- **Required action**
Pictures in the data must not be copied, but everything else should be output exactly.

:: Entries shown ::

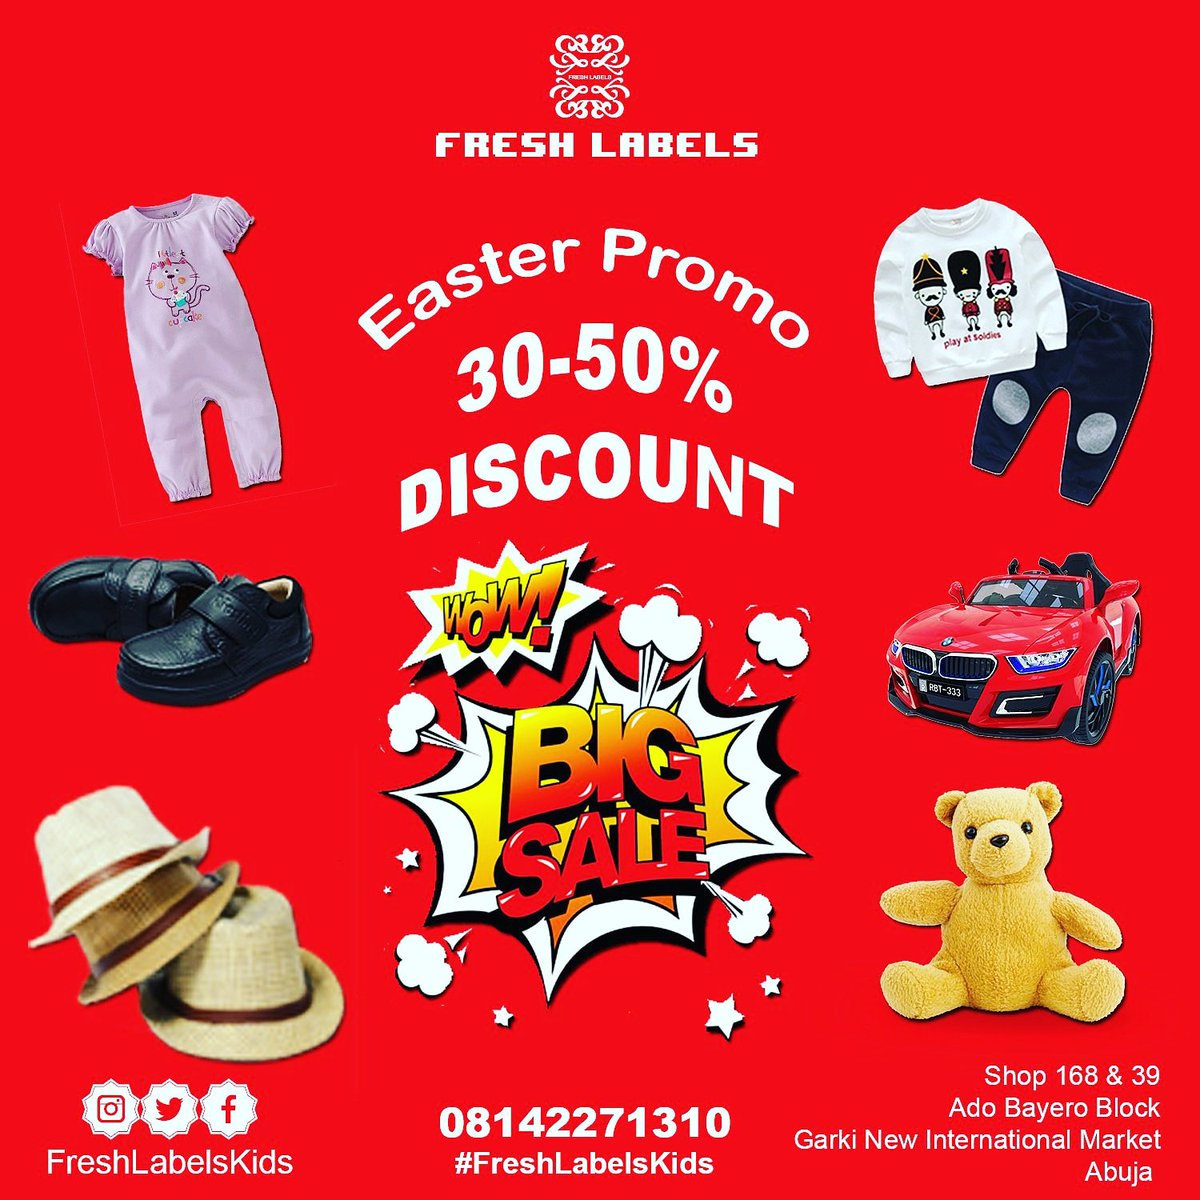 #FreshLabelsKids is your #1 Children Stores where you get everything for your kids.
#Abujatwittercommunity 
#AbujaPlayground 
#SocialAbujaMarket 
#Children 
#ChildrenWears
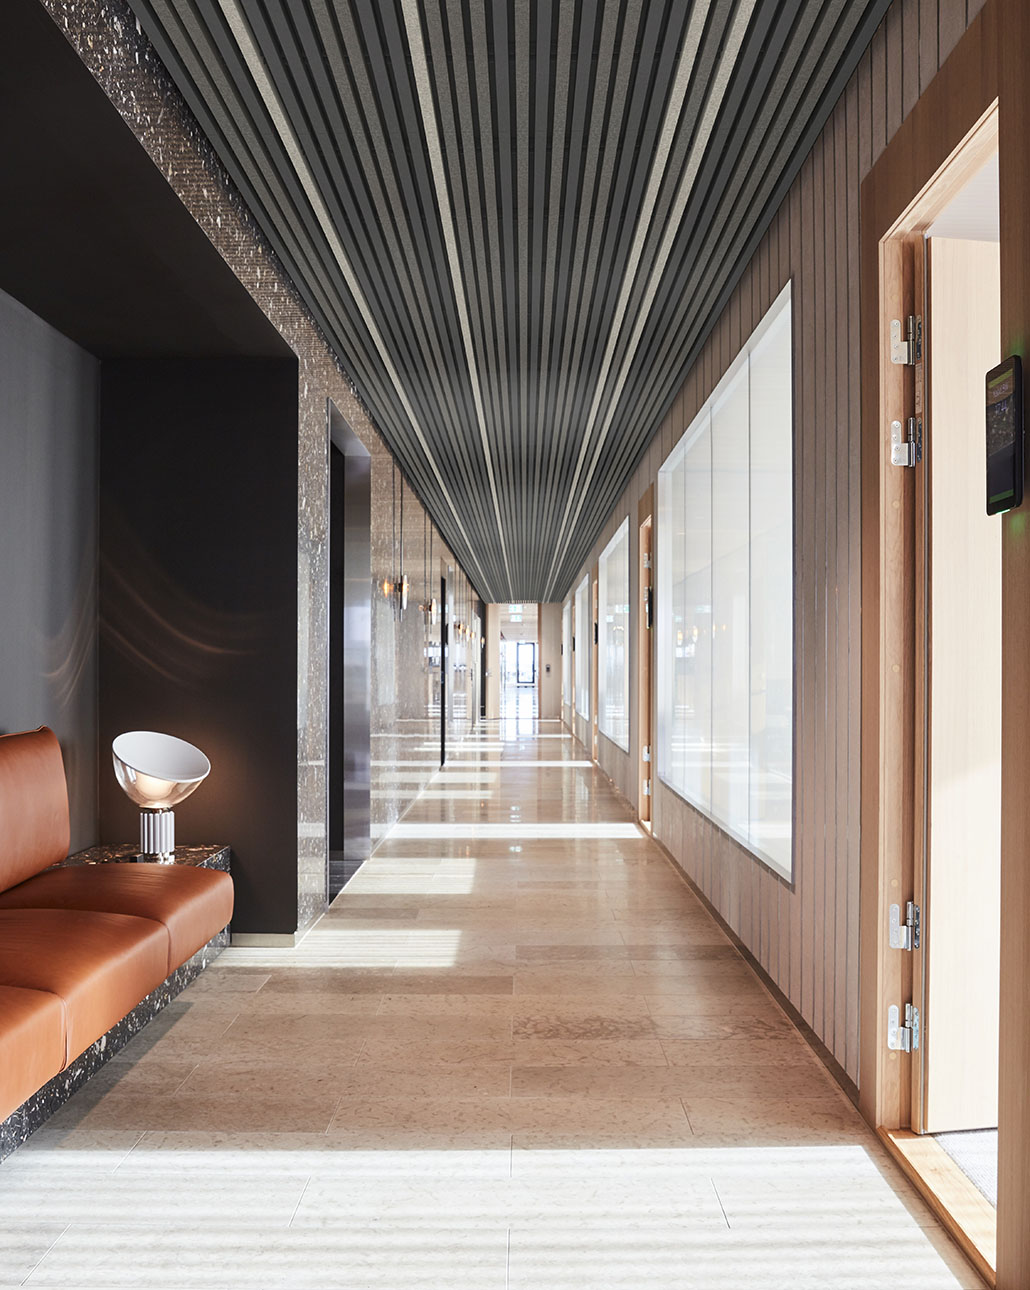 Hotel corridor with Gustafs Feltfon acoustic ceiling.

:::

- **Result**
 #FreshLabelsKids is your #1 Children Stores where you get everything for your kids.
#Abujatwittercommunity 
#AbujaPlayground 
#SocialAbujaMarket 
#Children 
#ChildrenWears
 Hotel corridor with Gustafs Feltfon acoustic ceiling.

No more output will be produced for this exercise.